Why: Some tasks genuinely need a real UI — testing click flows, verifying visual output, pasting into a running TUI. This is a yolo box; treat the desktop like any other tool.
Session env — set this first if SSH'd in
WAYLAND_DISPLAY and HYPRLAND_INSTANCE_SIGNATURE are unset in SSH sessions. Everything below fails silently without them.
export WAYLAND_DISPLAY="$(ls /run/user/$(id -u)/ | grep -E '^wayland-[0-9]+$' | head -1)"
export HYPRLAND_INSTANCE_SIGNATURE="$(ls /run/user/$(id -u)/hypr/ | head -1)"

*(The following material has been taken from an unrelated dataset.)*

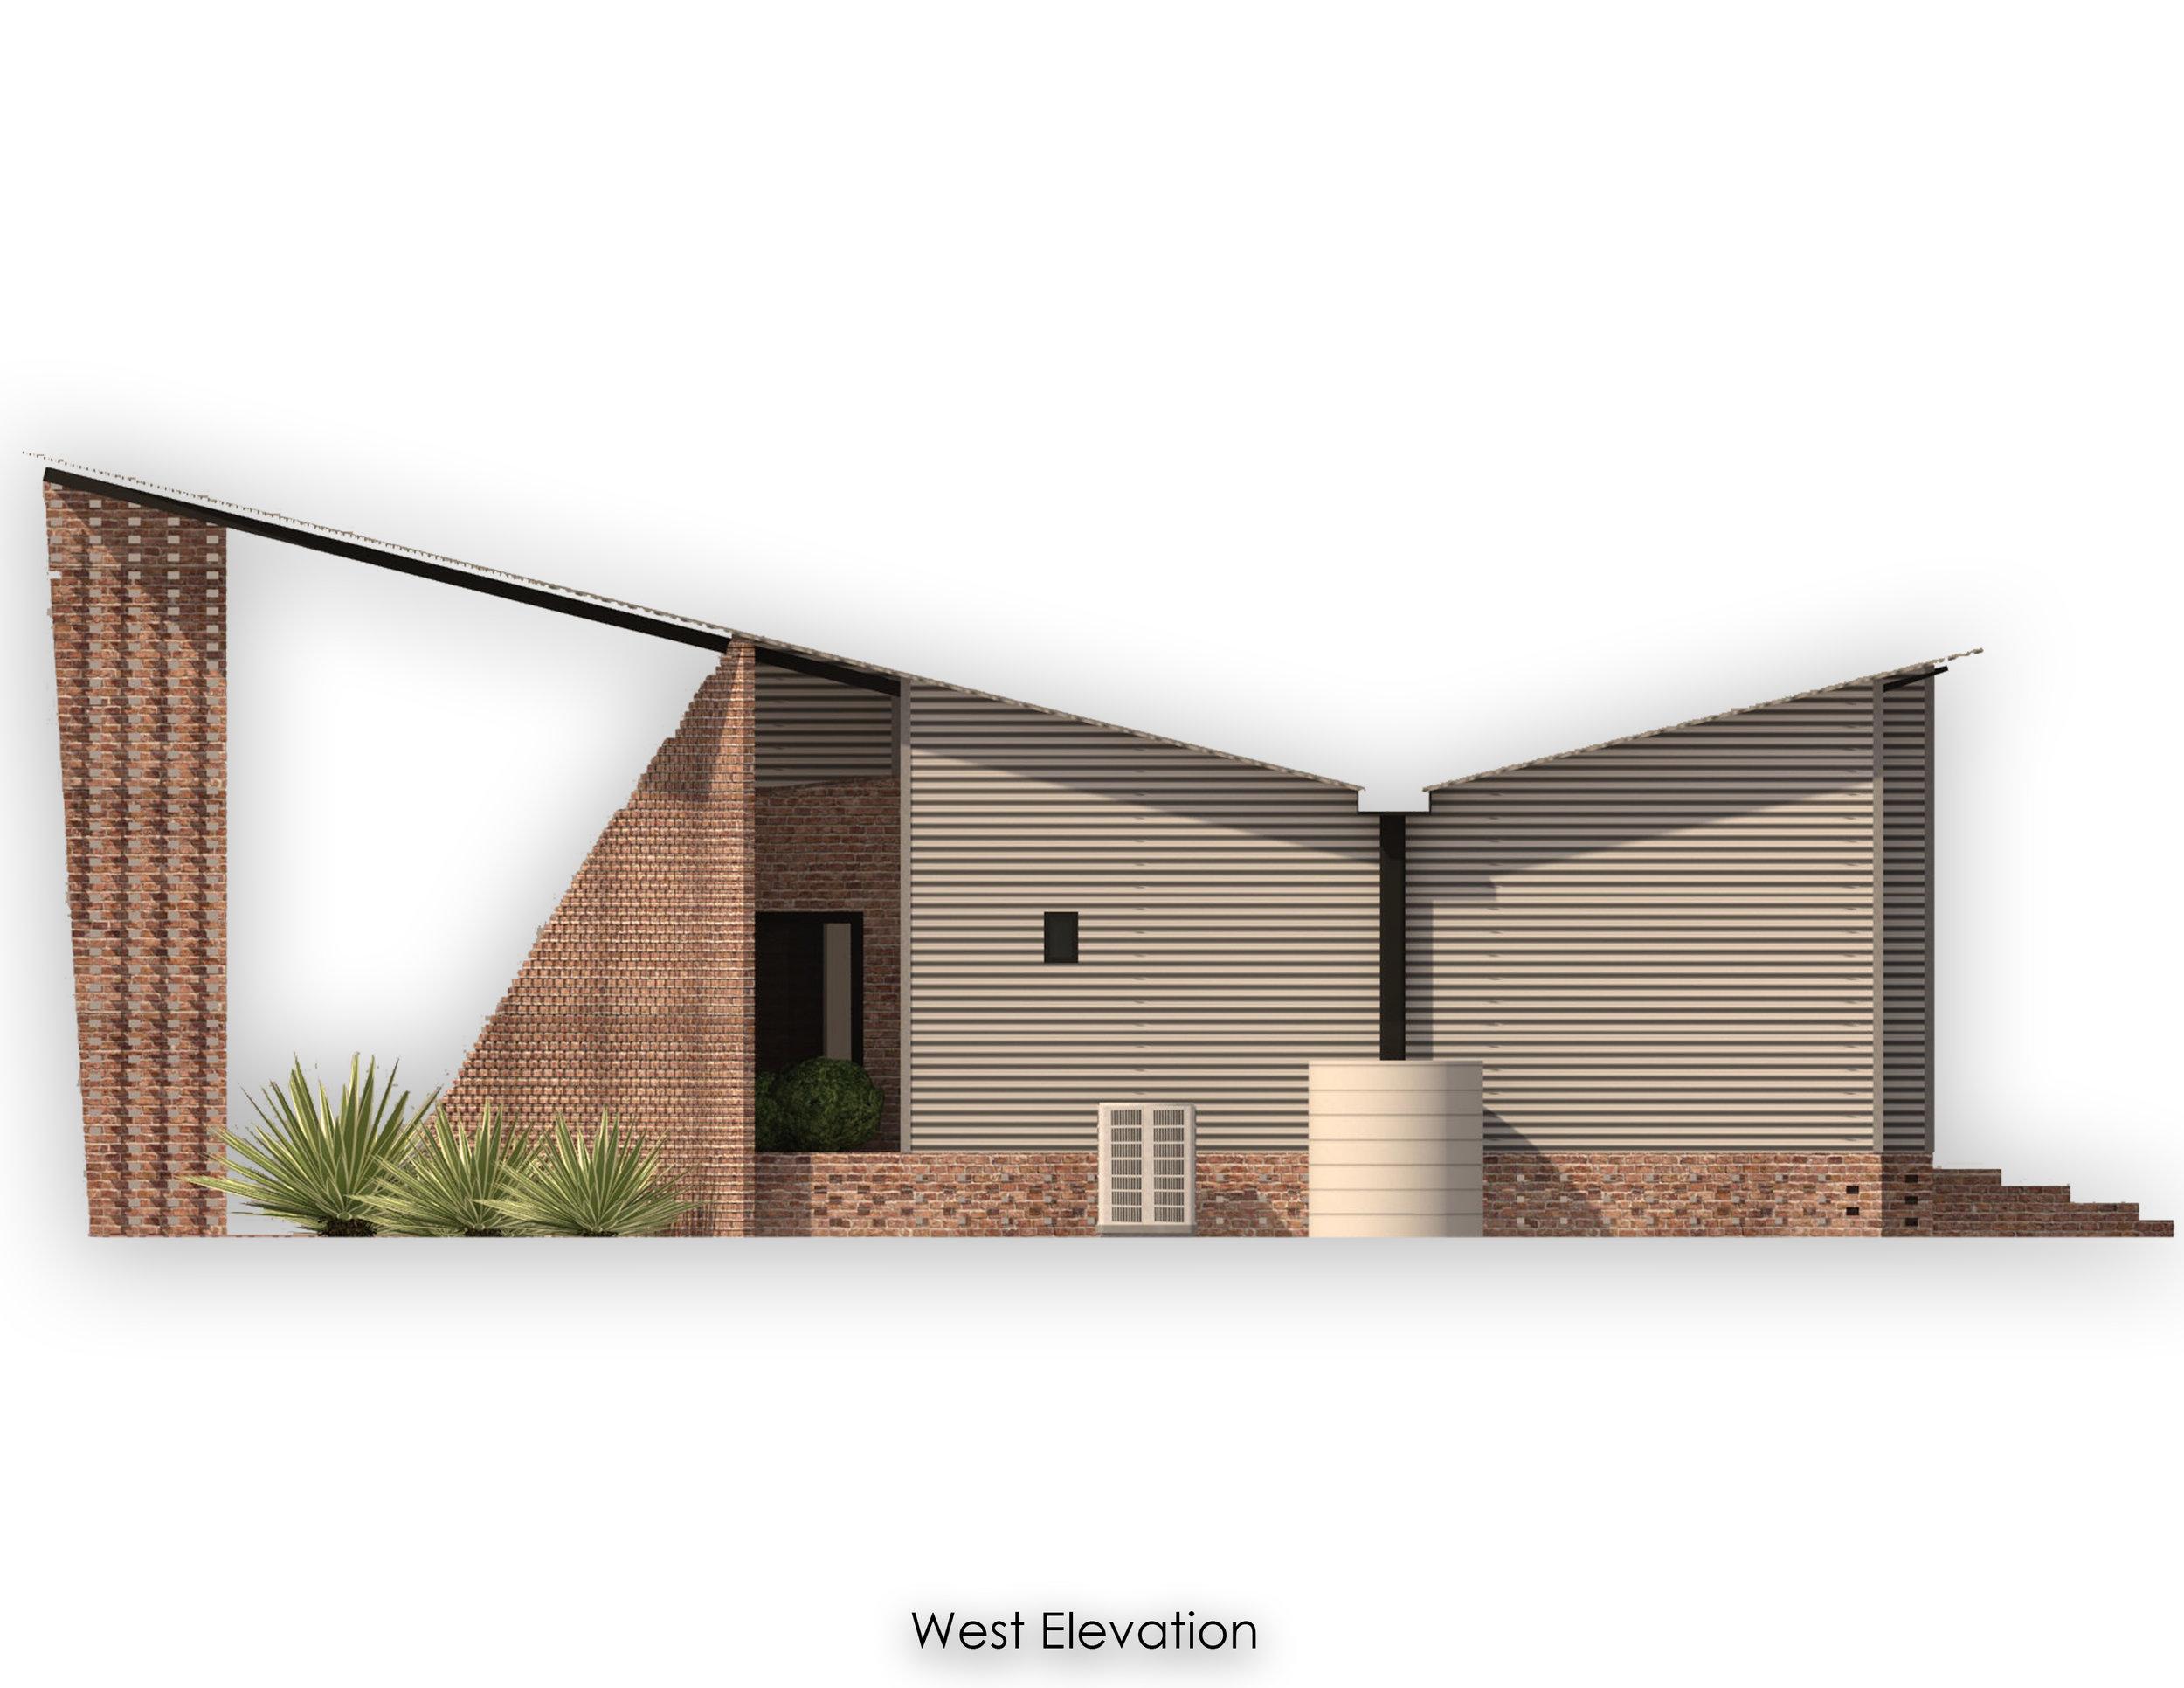 7_West_Elevation.jpg

The loop — always observe → act → verify
Fire-and-forget doesn't work. Every desktop action follows this cycle:
- Observe —
hyprctl activewindow -j or grim /tmp/out.png + Read the PNG
- Act — send keys, click, navigate
- Verify — screenshot again, diff against expectation
If step 3 doesn't show the expected change, re-observe before retrying. Don't blindly retry — the window focus, a modal, or the element position may have changed.
Toolchain
| Tool | Use for | Notes |
|---|
hyprctl dispatch sendshortcut KEY,class:^(app)$ | Key chord to a specific window — bypasses focus | Preferred over wtype when you know the target class |
wtype | Free-form text or chords to focused window | wtype -M ctrl -p v -m ctrl = Ctrl+V |
ydotool | Mouse clicks and moves | Needs ydotoold running + user in ydotool group |
hyprctl clients -j | List all windows with class, title, geometry | Always locate before acting |
grim -g "X,Y WxH" /tmp/out.png | Screenshot a region | Pull geometry from hyprctl clients -j |
hyprctl dispatch exec "[float; size W H; center 1] cmd" | Launch floating window centred | Good for browser UI tests |
If ydotool fails with permission denied: check id for ydotool group membership. For keys-only, fall back to wtype or sendshortcut instead.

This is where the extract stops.